Guardians of the Wild: Wings in Crisis

1st Episode: In Production

When Wildlife Cries for Help, Who Answers?

Wings in Crisis pulls you into a hidden emergency along Southern California’s coast—where pelicans, seabirds, and wild creatures are arriving injured, starving, poisoned, and tangled in the fallout of a human-dominated world. In 2025 alone, the Wetlands & Wildlife Care Center took in nearly 8,000 beating hearts, victims of disappearing fish, supercharged algae blooms, fishing hooks tearing into fragile wings, fires, toxic storm runoff, and the slow, silent poisoning of predators through rodent bait. At the frontline is Zoli Teglas, racing to rescue the broken, and Dr. Lizzie Wood, treating more than a thousand patients at any given time. This film is intimate, urgent, and deeply human, an invitation to witness what’s at stake when we forget how to coexist with the wildlife that shaped this coastline long before we arrived.
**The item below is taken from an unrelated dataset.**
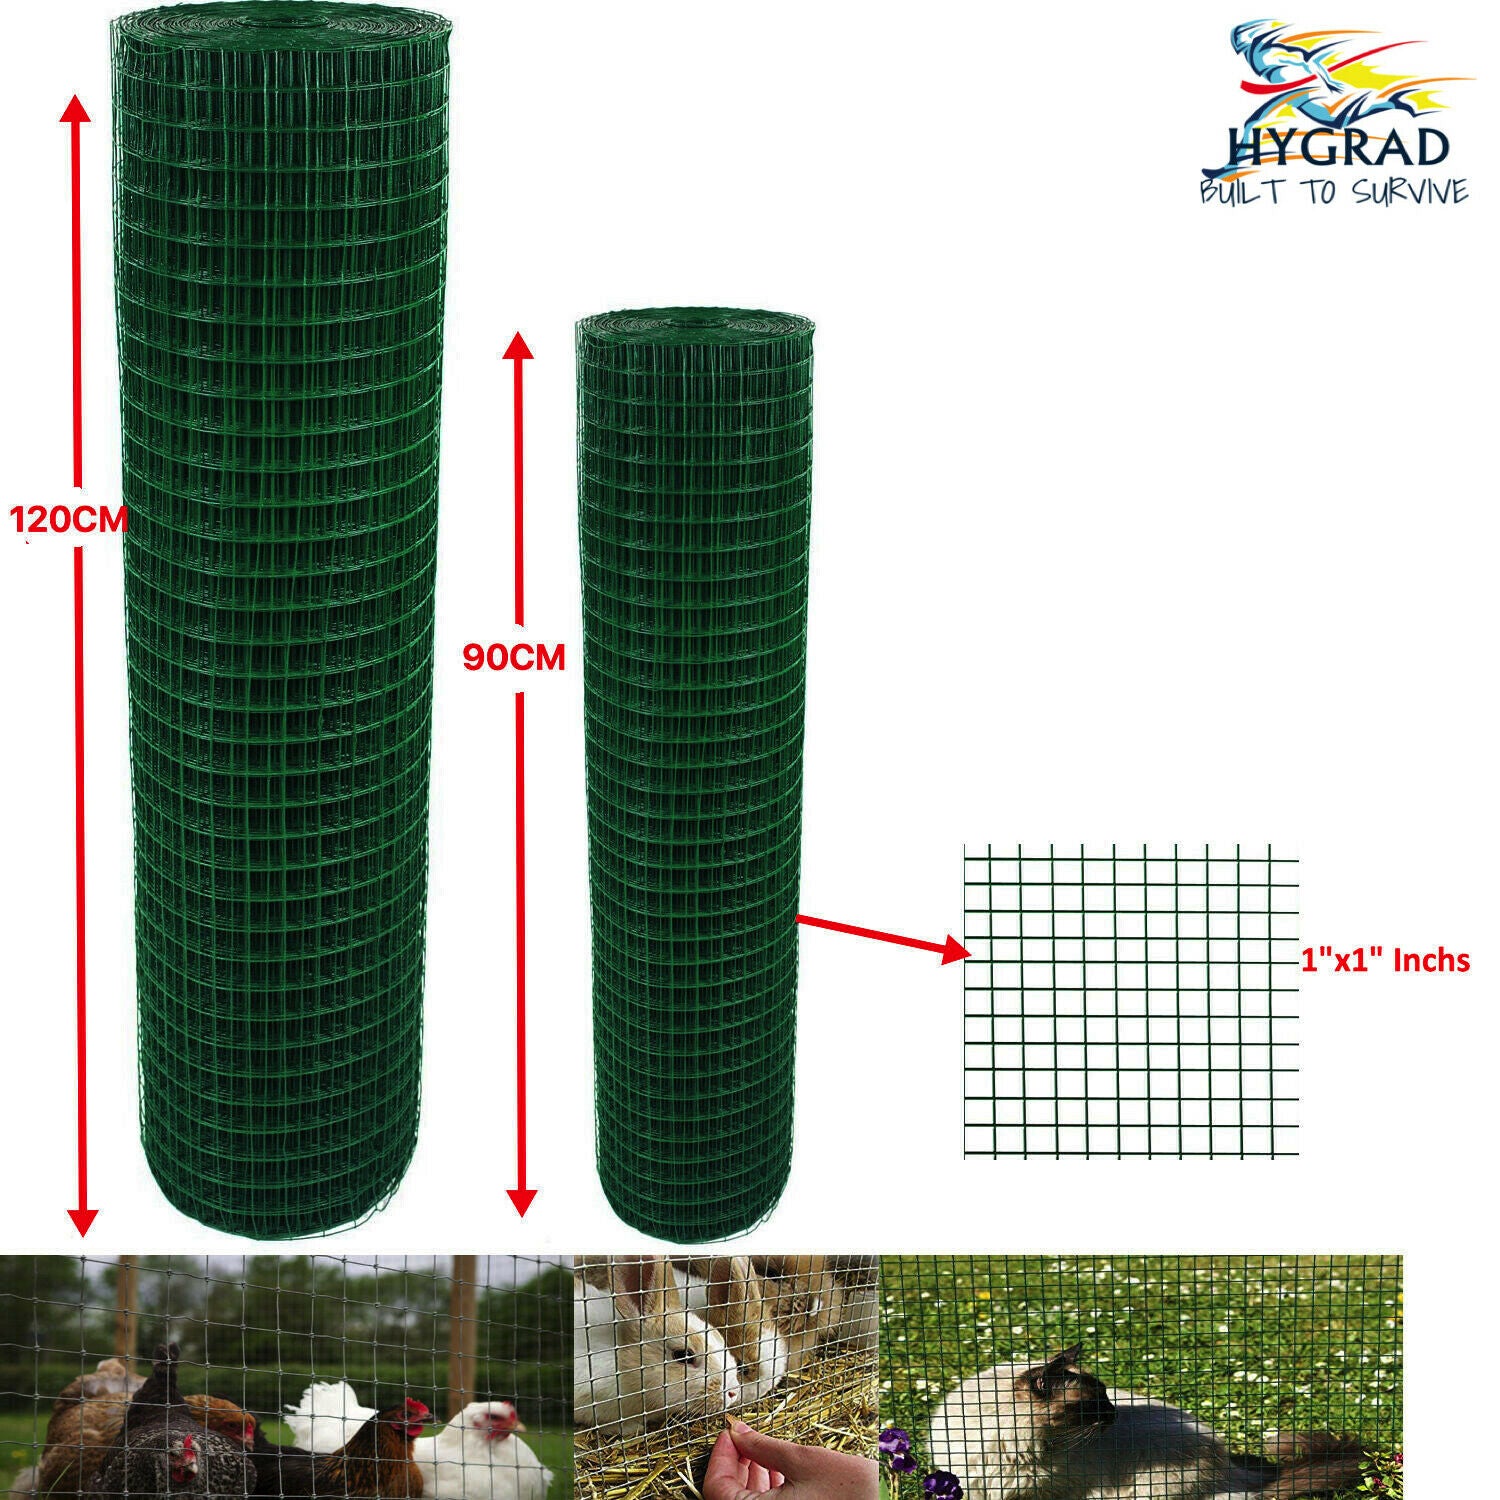 PVC Coated Mesh Wire Green Fencing 90/120cm Garden Galvanised Fence Net 30/45 M

This is not just a story of loss — it’s a story of second chances.
— Fairlie A Arrow

Meet the Guardians: The People Who Refuse to Give Up

Dr Lizzie Wood stands up for injured and murdered pelicans attacked by angry fishermen

At the center is Zoli Téglás, a punk-rock frontman turned wildlife EMT, who races across beaches and oceans rescuing injured birds and getting them to safety.

His destination: the Wetlands and Wildlife Care Center, where Dr. Lizzie Wood, a relentless wildlife veterinarian, leads a dedicated team treating & caring for over 1,000 animals at any given time, caught in the crossfire of human impact.

Why this Film, Why Now

Because this crisis is manmade, but so are the solutions.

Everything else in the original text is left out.